Intelsat And Panamsat To Merge
Intelsat and PanAmSat Holding Corporation have announced that the two companies have signed a definitive merger agreement under which Intelsat will acquire PanAmSat for $25 per share in cash, or $3.2 billion.
The transaction will create a premier satellite company that will be a leader in the digital delivery of video content, the transmission of corporate data and the provisioning of government communications solutions.
The new company will offer its customers expanded coverage with additional back-up satellites, supporting fiber networks and enhanced operational capabilities for the provision of an unparalleled level of services.
With an increased focus on developing advanced communications technologies, the company will meet the needs of cable TV programmers, broadcasters, businesses, governments and consumers worldwide.
Using a combined fleet of 53 satellites, the company will serve customers in more than 220 countries and territories.
Driven by the core strengths of the two companies and their employees' commitment to quality in operations and customer service, Intelsat will have a portfolio of customers not only in the developed world, but also in emerging nations and remote areas where satellites are critical to providing communications infrastructure for economic development.
"The combination of Intelsat and PanAmSat creates an industry leader with the ability to provide competitive communications and video services to consumers and businesses," said David McGlade, Chief Executive Officer of Intelsat.
"The two companies are complementary in customer, geographic and product focus. Together, we will continue providing the highest level of service to existing customers while growing new business in rapidly expanding communications markets."
Mr. McGlade will continue to serve as Chief Executive Officer and a Director of the company upon closing. Joseph Wright, currently Chief Executive Officer of PanAmSat, is expected to become Chairman of the Board upon completion of the transaction.
"Today, PanAmSat offers its video, data and government customers a highly reliable level of service that only a technically advanced and financially strong satellite operator can provide," said Mr. Wright.
"Now, we will combine the best from both companies and bring a professional business approach to the new enterprise to benefit our customers, employees and shareholders.
"This is a 'win-win' for both companies, and a terrific outcome for all of PanAmSat's shareholders, who will receive $25 per share in cash - a significant premium over the recent stock price and nearly a 40% premium over the IPO price of about six months ago. In addition, our shareholders will continue to receive dividends, at the current annual rate or higher, until we close the transaction."

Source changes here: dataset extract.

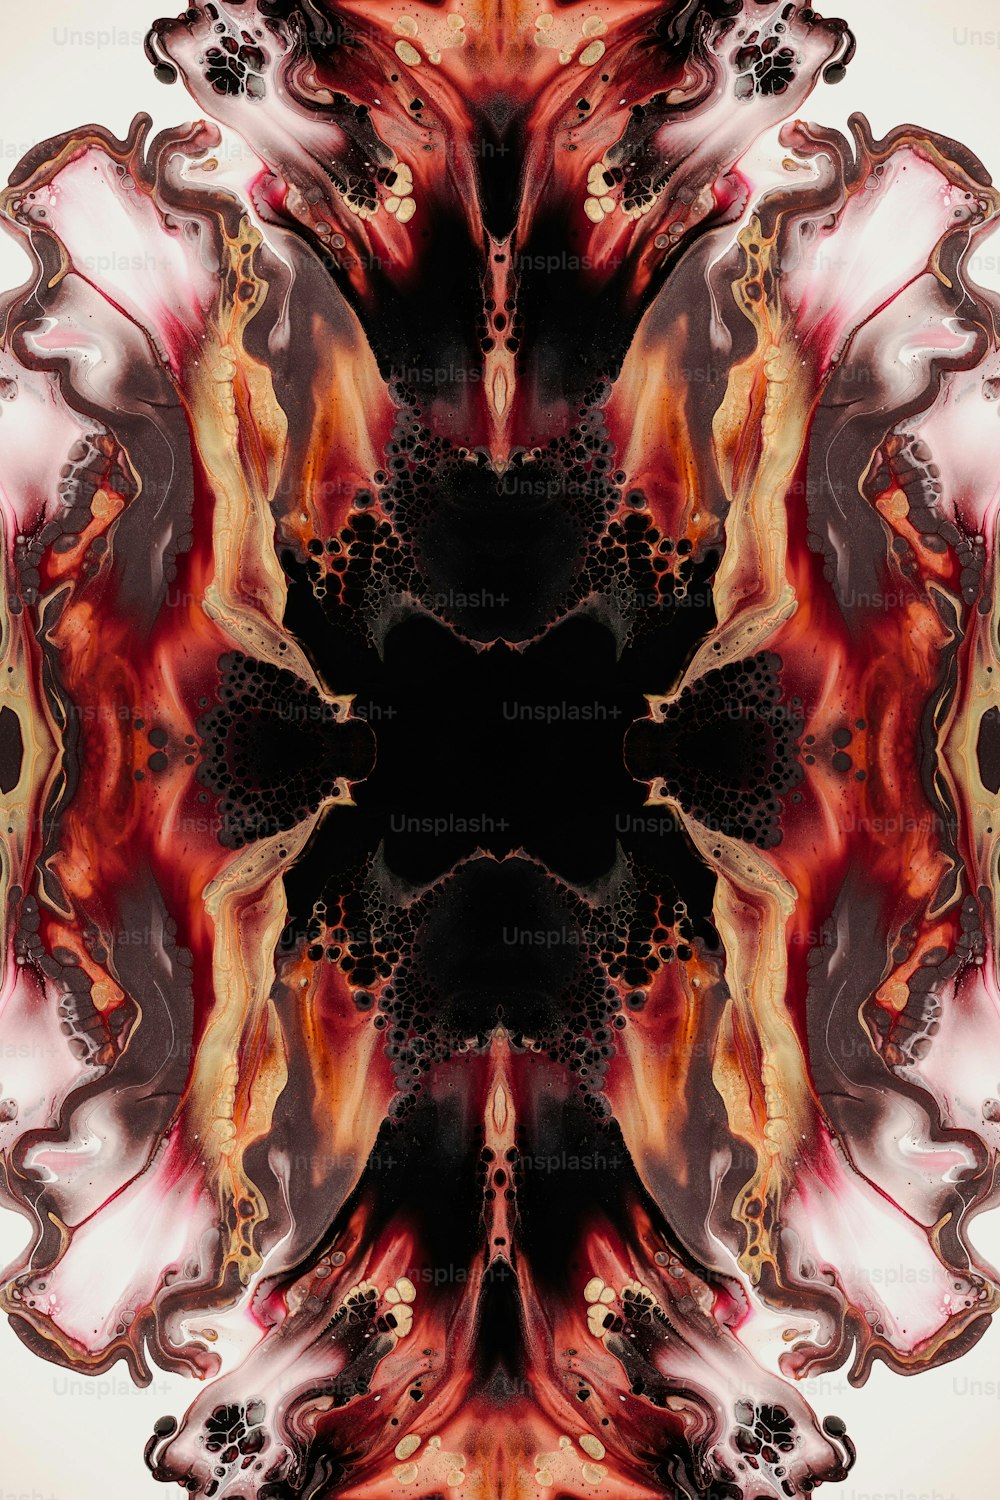 Una imagen abstracta de una flor roja y negra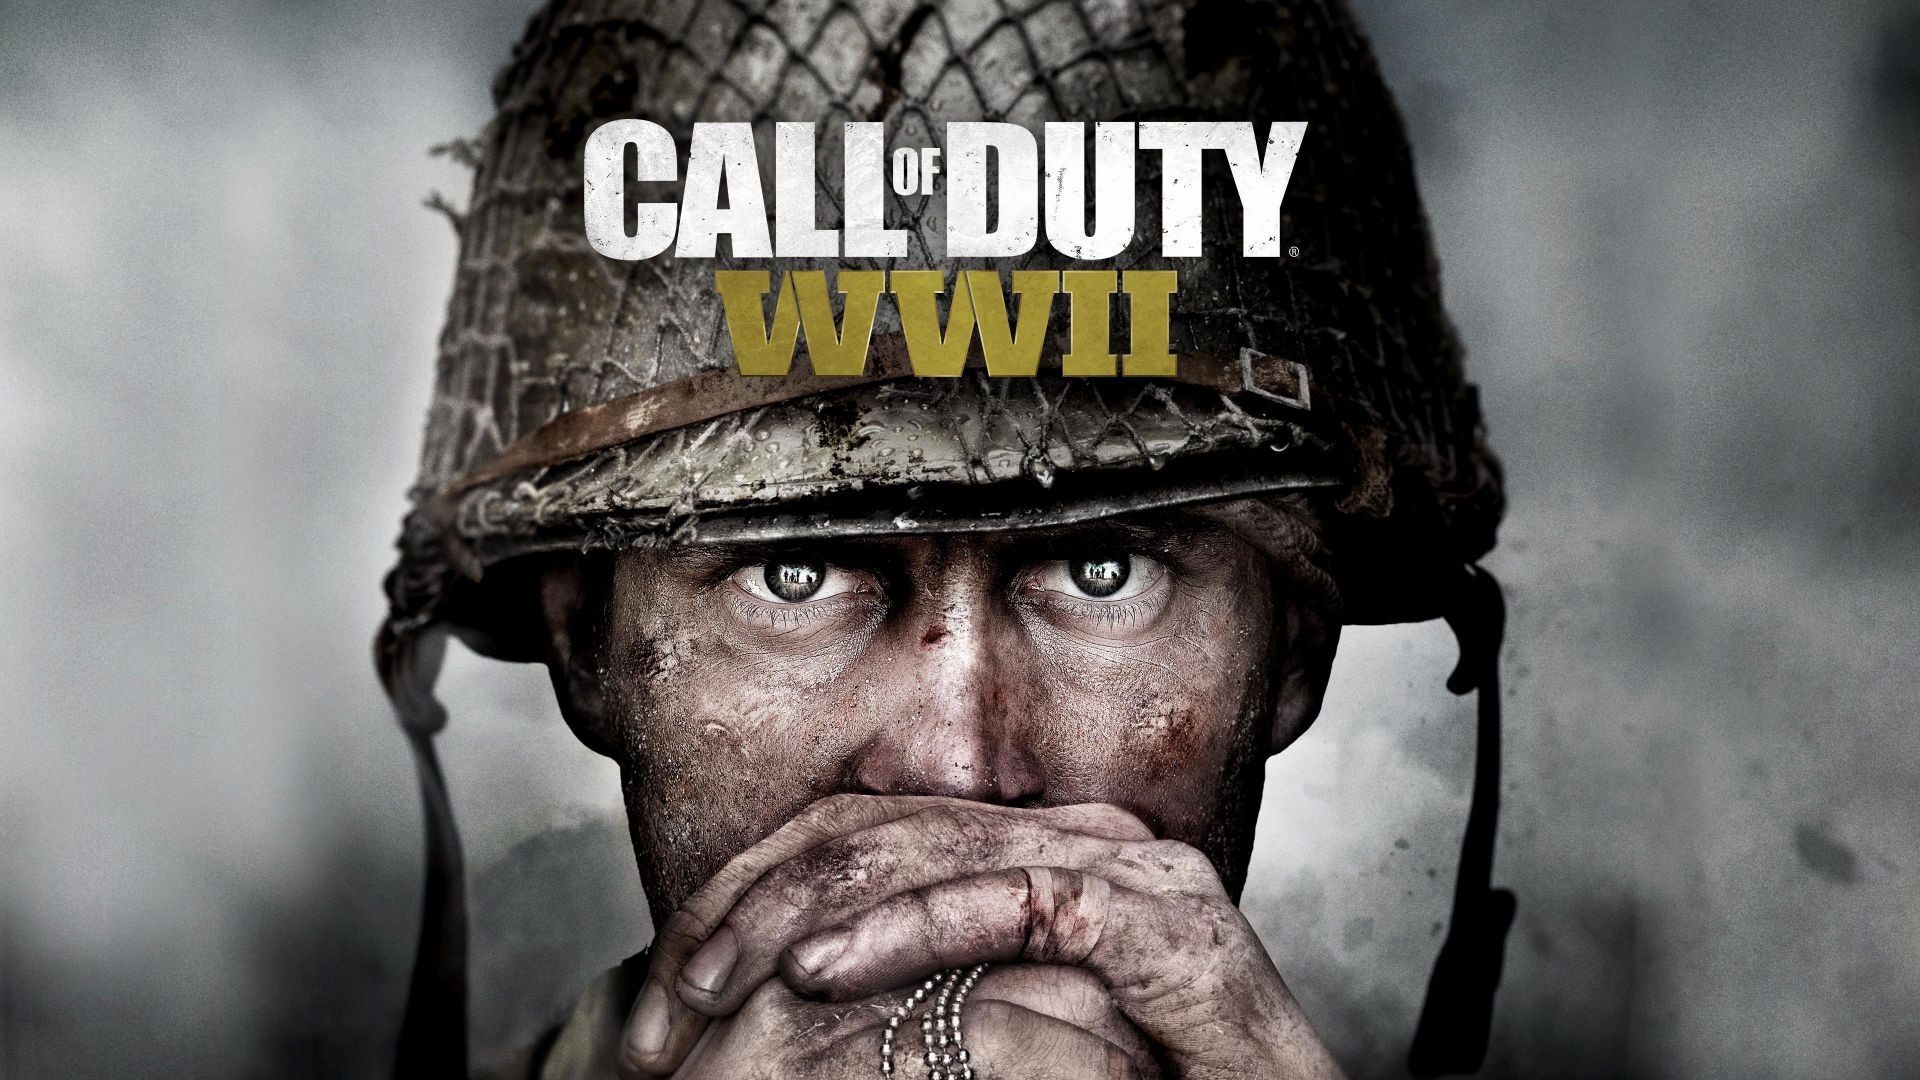 Call of Duty WWII (4 часть, финал)

PanAmSat brings a strong, video-centric customer base, including leading providers of cable TV programming, while Intelsat's historical strength has been in providing core telephony and advanced data services to developing and underserved regions around the world. Over the long term, the company will consolidate best practices from the two respective organizations.
"We will leverage our combined intellectual, material and people assets to continue the high-quality service Intelsat and PanAmSat customers have come to expect," said David McGlade.

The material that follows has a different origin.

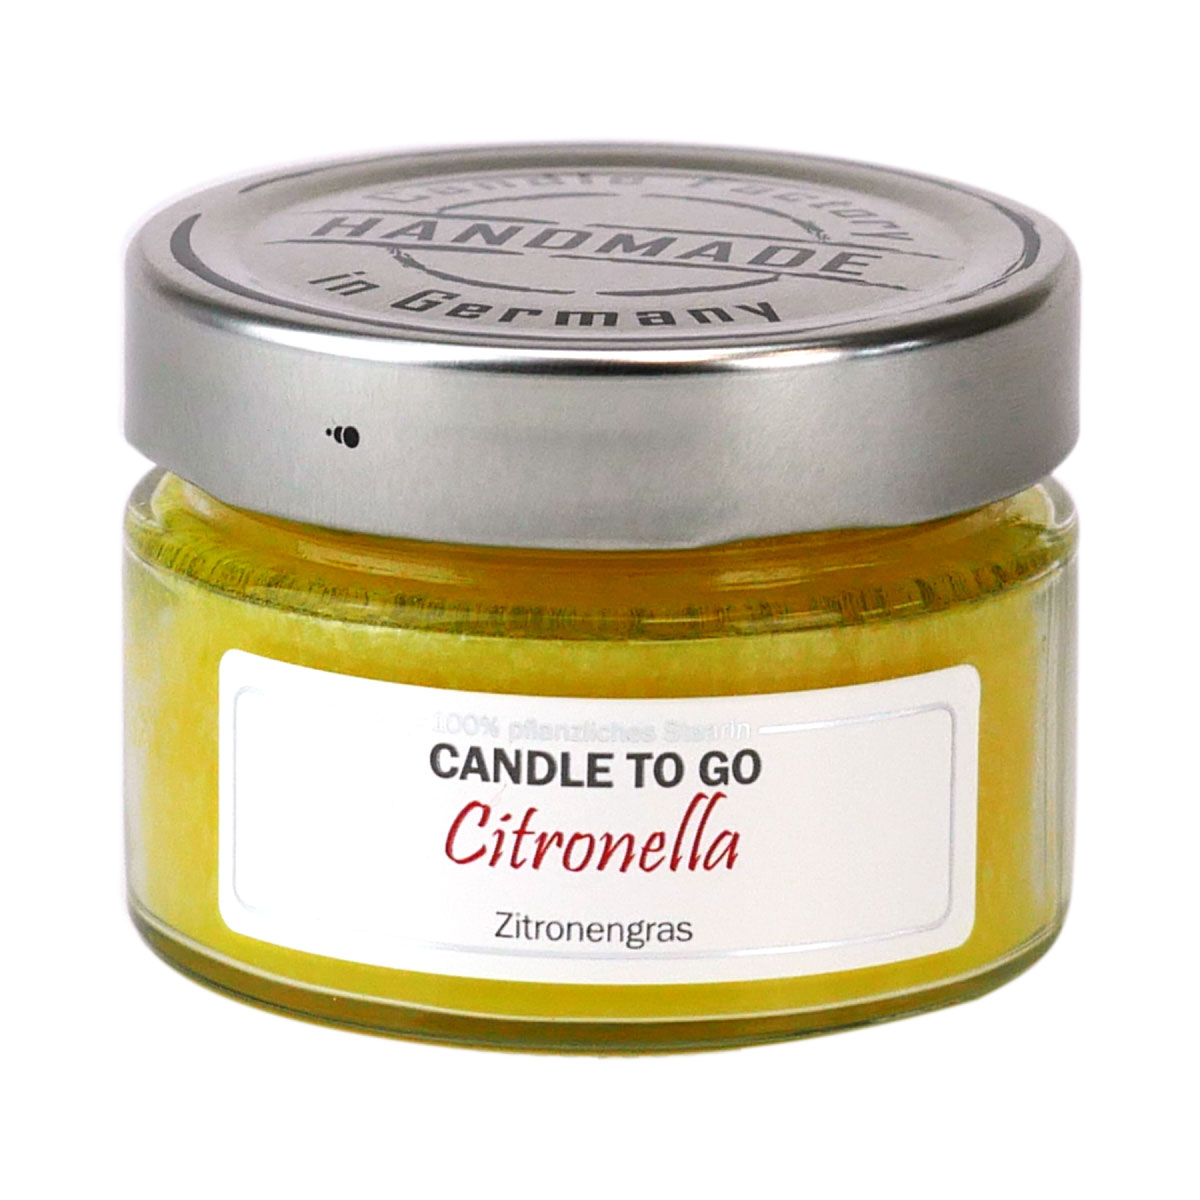 Citronella - Candle to Go die Duftkerze für unterwegs

Following the transaction, the company will have enhanced financial strength and revenue and free cash flow growth opportunities. The company is expected to have pro forma annual revenues of more than $1.9 billion and to maintain significant free cash flow from operations, providing significant resources for capital expenditures and debt service.
Under the agreement, which was approved unanimously by the Boards of Directors of both companies, Intelsat will acquire all outstanding common shares of PanAmSat, and additionally Intelsat will either refinance or assume approximately $3.2 billion in debt of PanAmSat Holding Corporation and its subsidiaries.

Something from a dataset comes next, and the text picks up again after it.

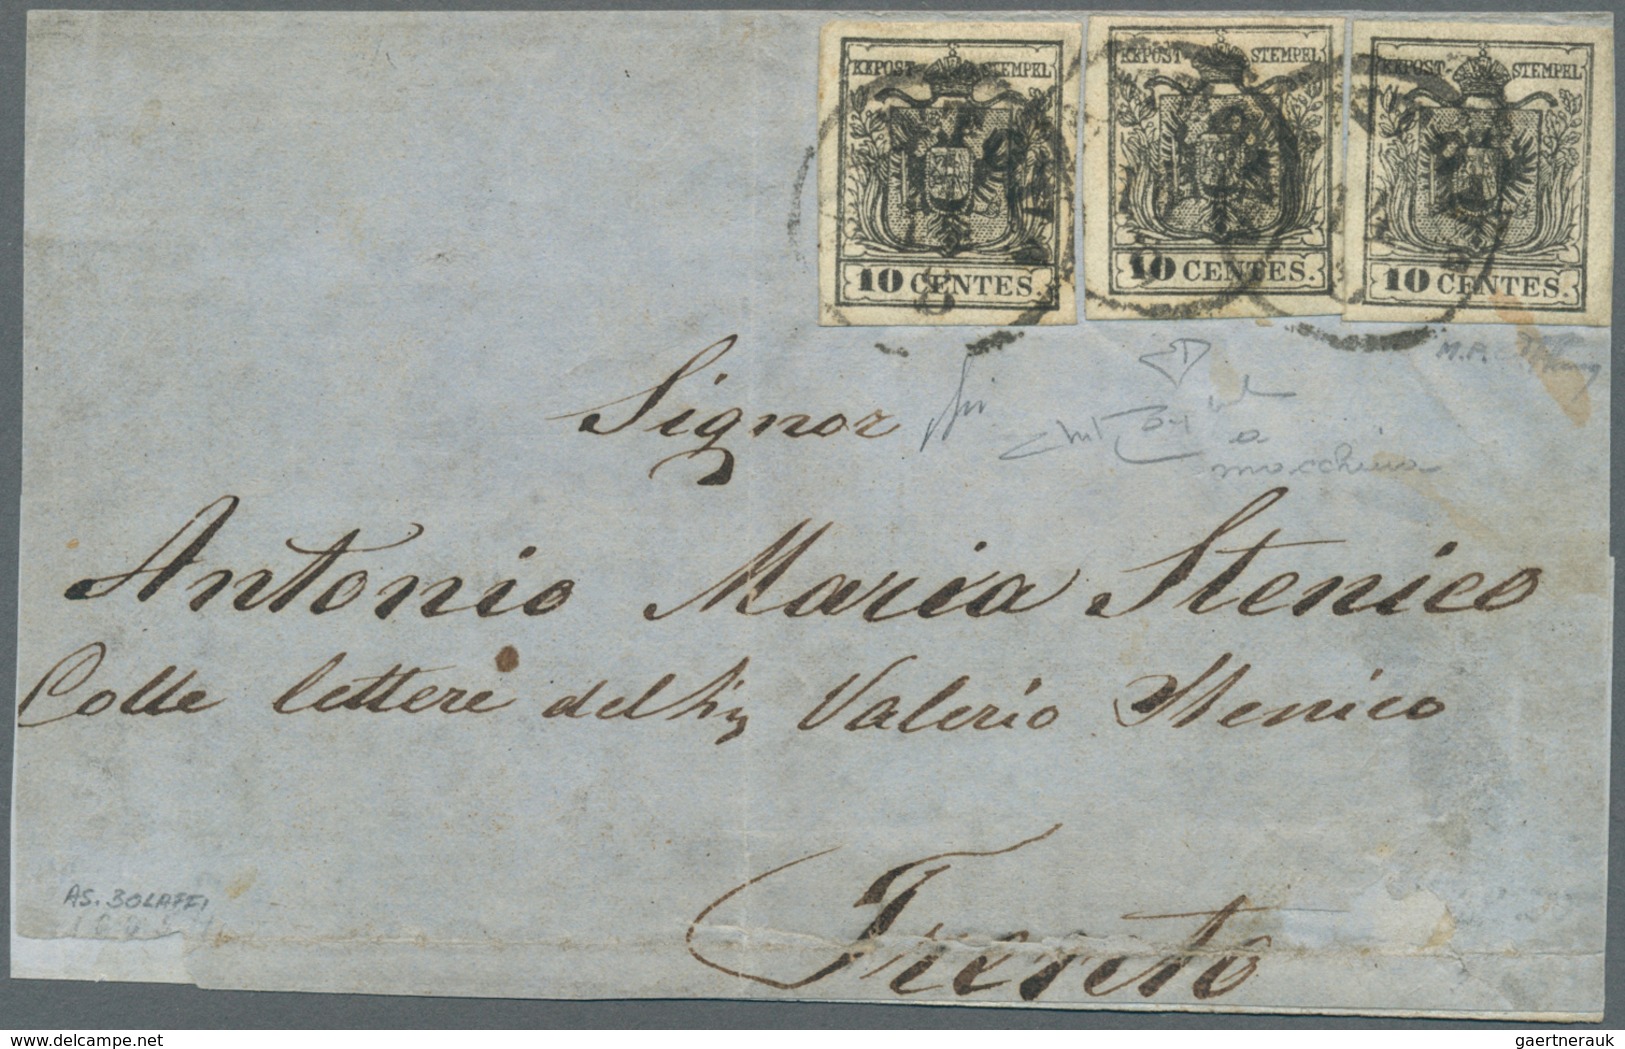 Österreich - Lombardei Und Venetien: 1857, 3 X 10 C Schwarz, Maschinenpapier, Alle Marken Vollrandig - Lombardy-Venetia

Shareholders owning approximately 58% of PanAmSat's shares have agreed to vote in favor of the combination.
The transaction is conditioned upon PanAmSat Holding Corporation shareholder approval, customary closing conditions and clearances from relevant regulatory agencies, including the appropriate U.S. government antitrust authorities and the Federal Communications Commission.
The companies anticipate that the transaction could close in approximately six to 12 months.